◆ ASSIGNED TASK ◆
Below are records with pictures in them. Transcribe everything from the line containing "Light Up Transparent" down to the line containing "Starry Sky And Autumn Colors: Stock Photos", exactly, and leave the pictures behind.
(DATASET RECORDS Opens)
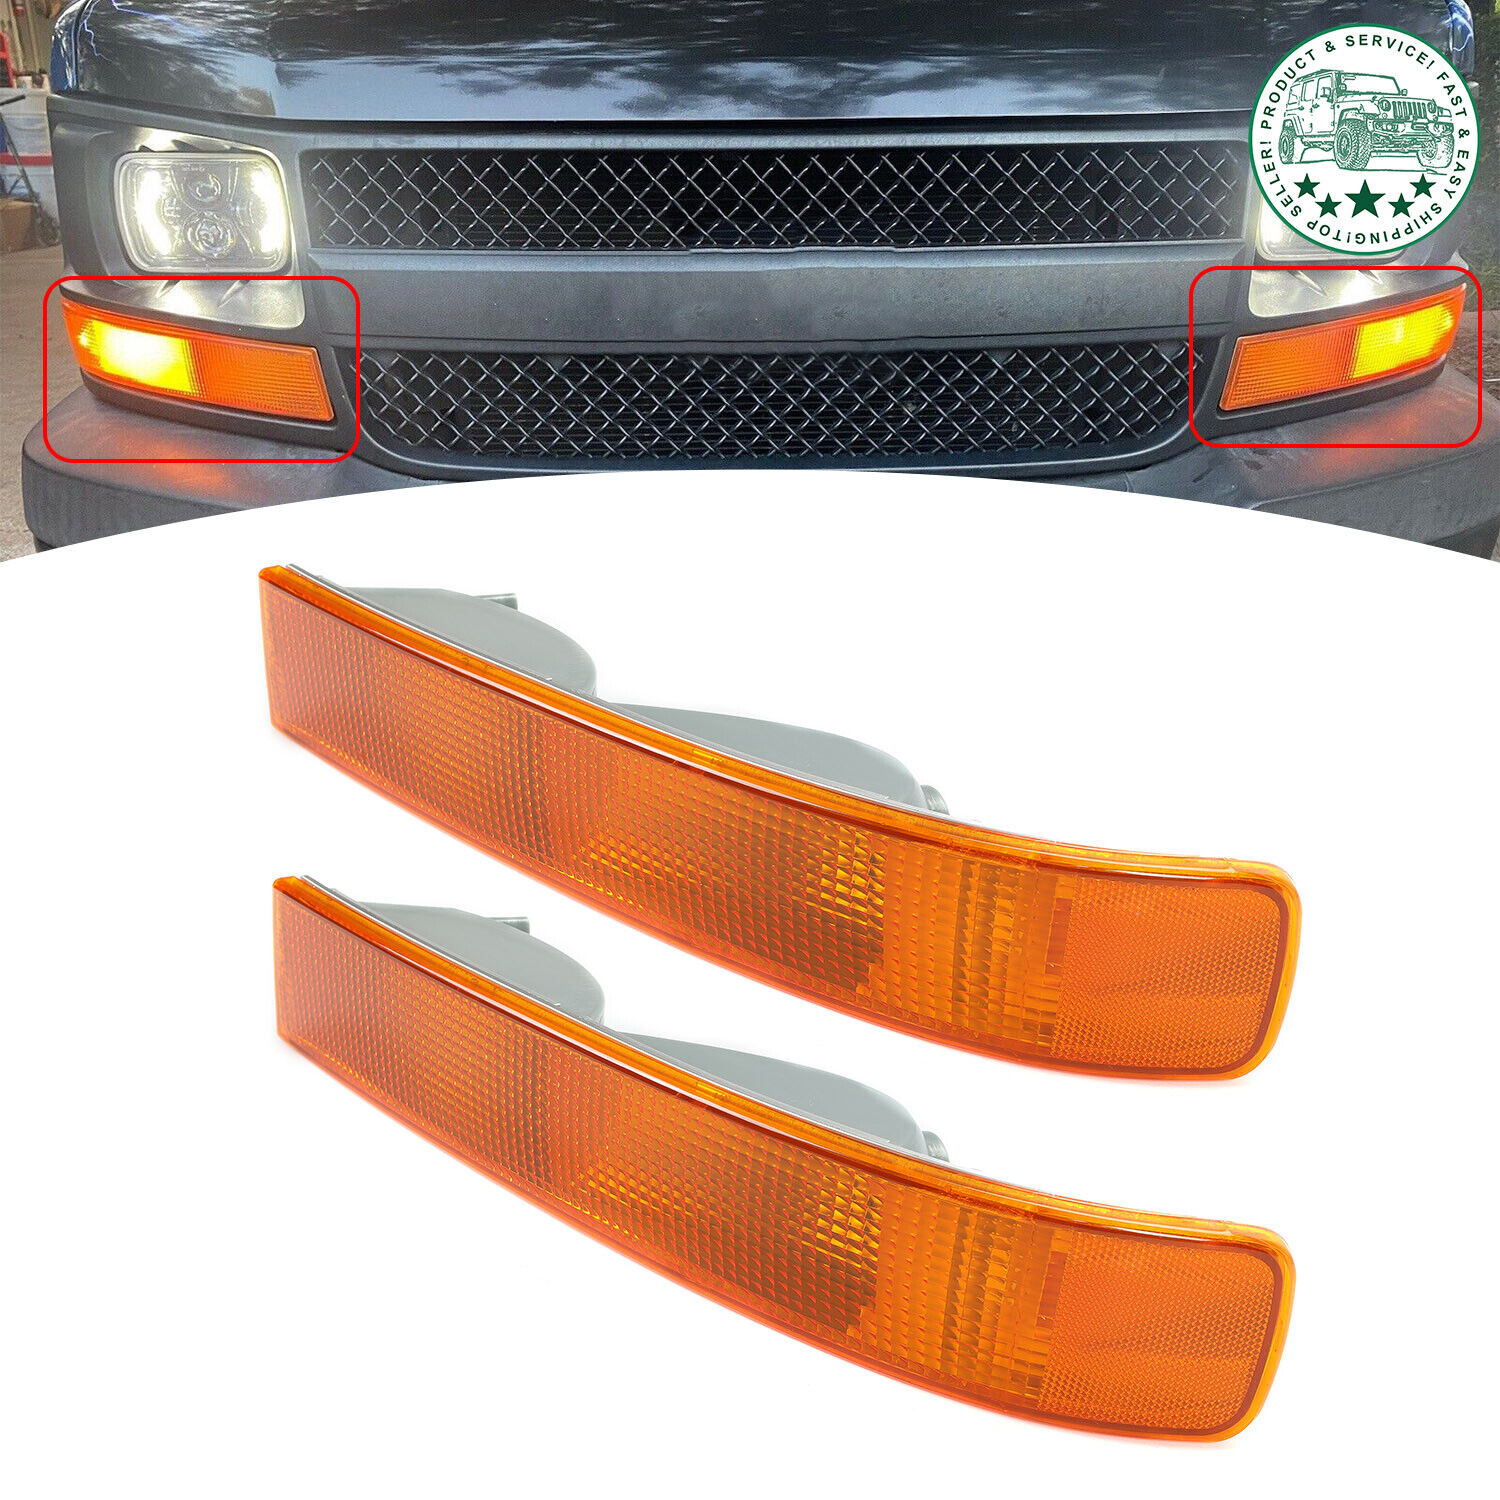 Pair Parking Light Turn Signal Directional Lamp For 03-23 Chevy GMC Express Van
(DATASET RECORDS Closes)
(DATASET RECORDS Opens)
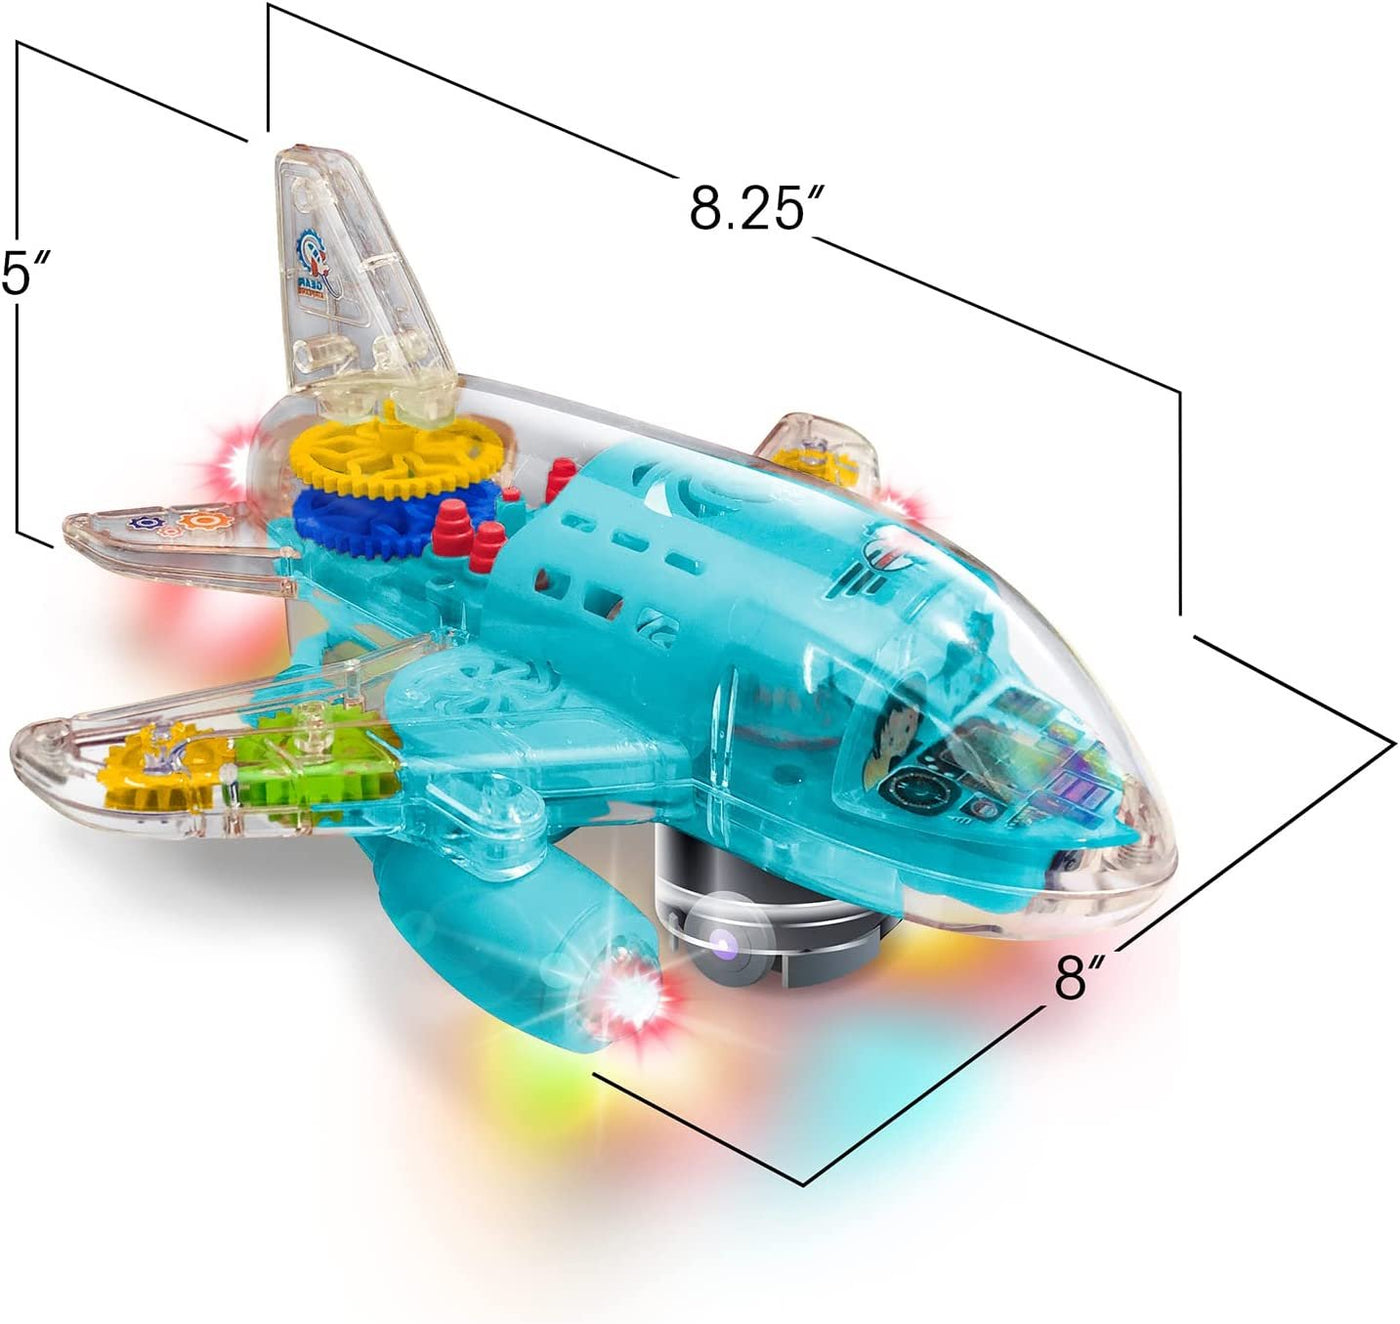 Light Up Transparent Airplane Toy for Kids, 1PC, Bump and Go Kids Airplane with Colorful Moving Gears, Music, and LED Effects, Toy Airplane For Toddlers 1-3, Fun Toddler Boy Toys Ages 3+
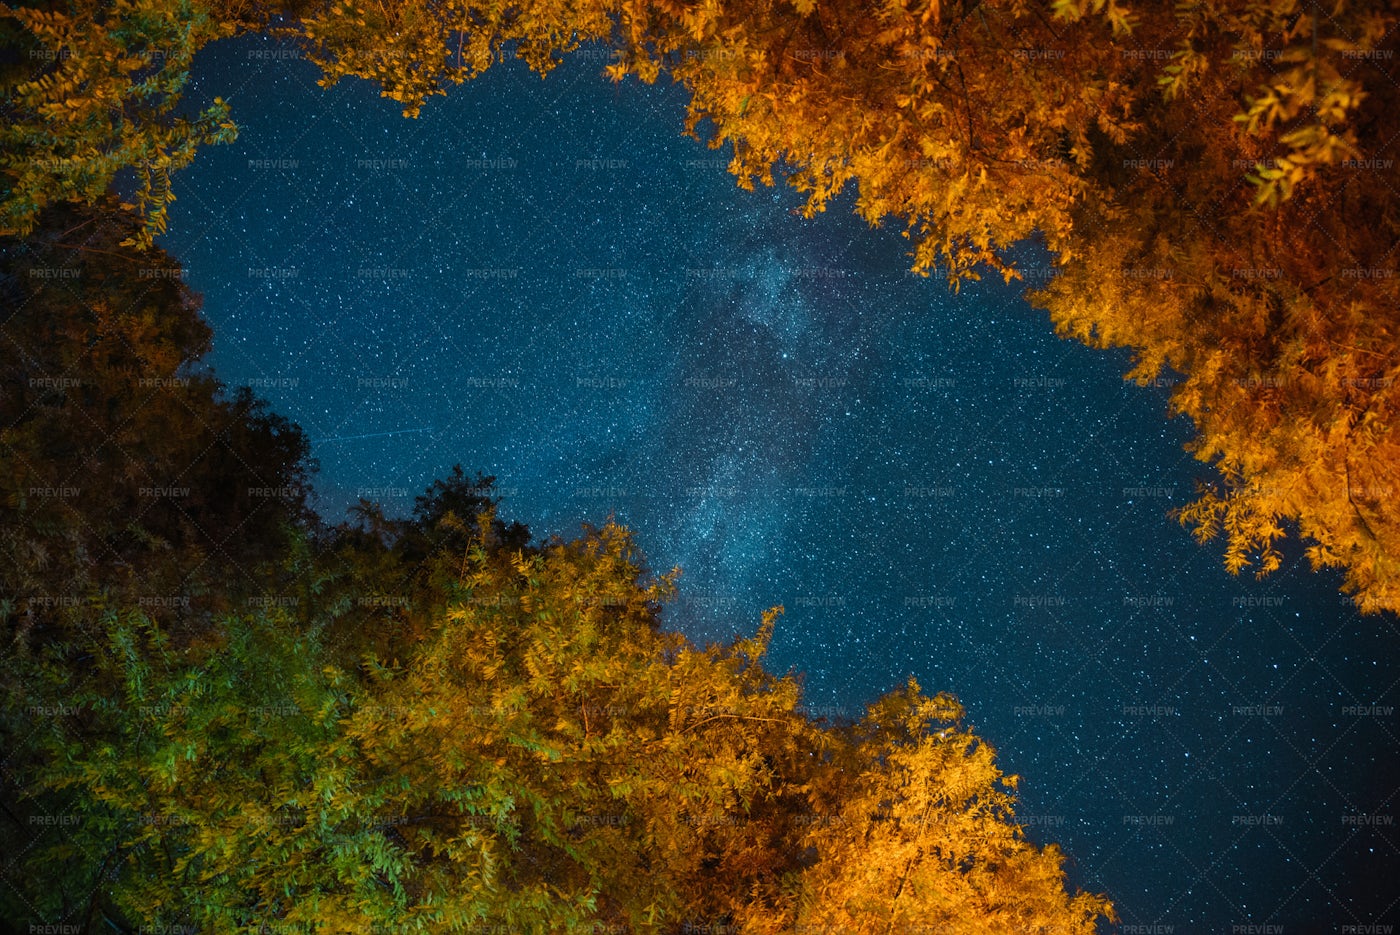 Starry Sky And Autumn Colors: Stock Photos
(DATASET RECORDS Closes)
◆ EXERCISE RESPONSE ◆
 Light Up Transparent Airplane Toy for Kids, 1PC, Bump and Go Kids Airplane with Colorful Moving Gears, Music, and LED Effects, Toy Airplane For Toddlers 1-3, Fun Toddler Boy Toys Ages 3+
 Starry Sky And Autumn Colors: Stock Photos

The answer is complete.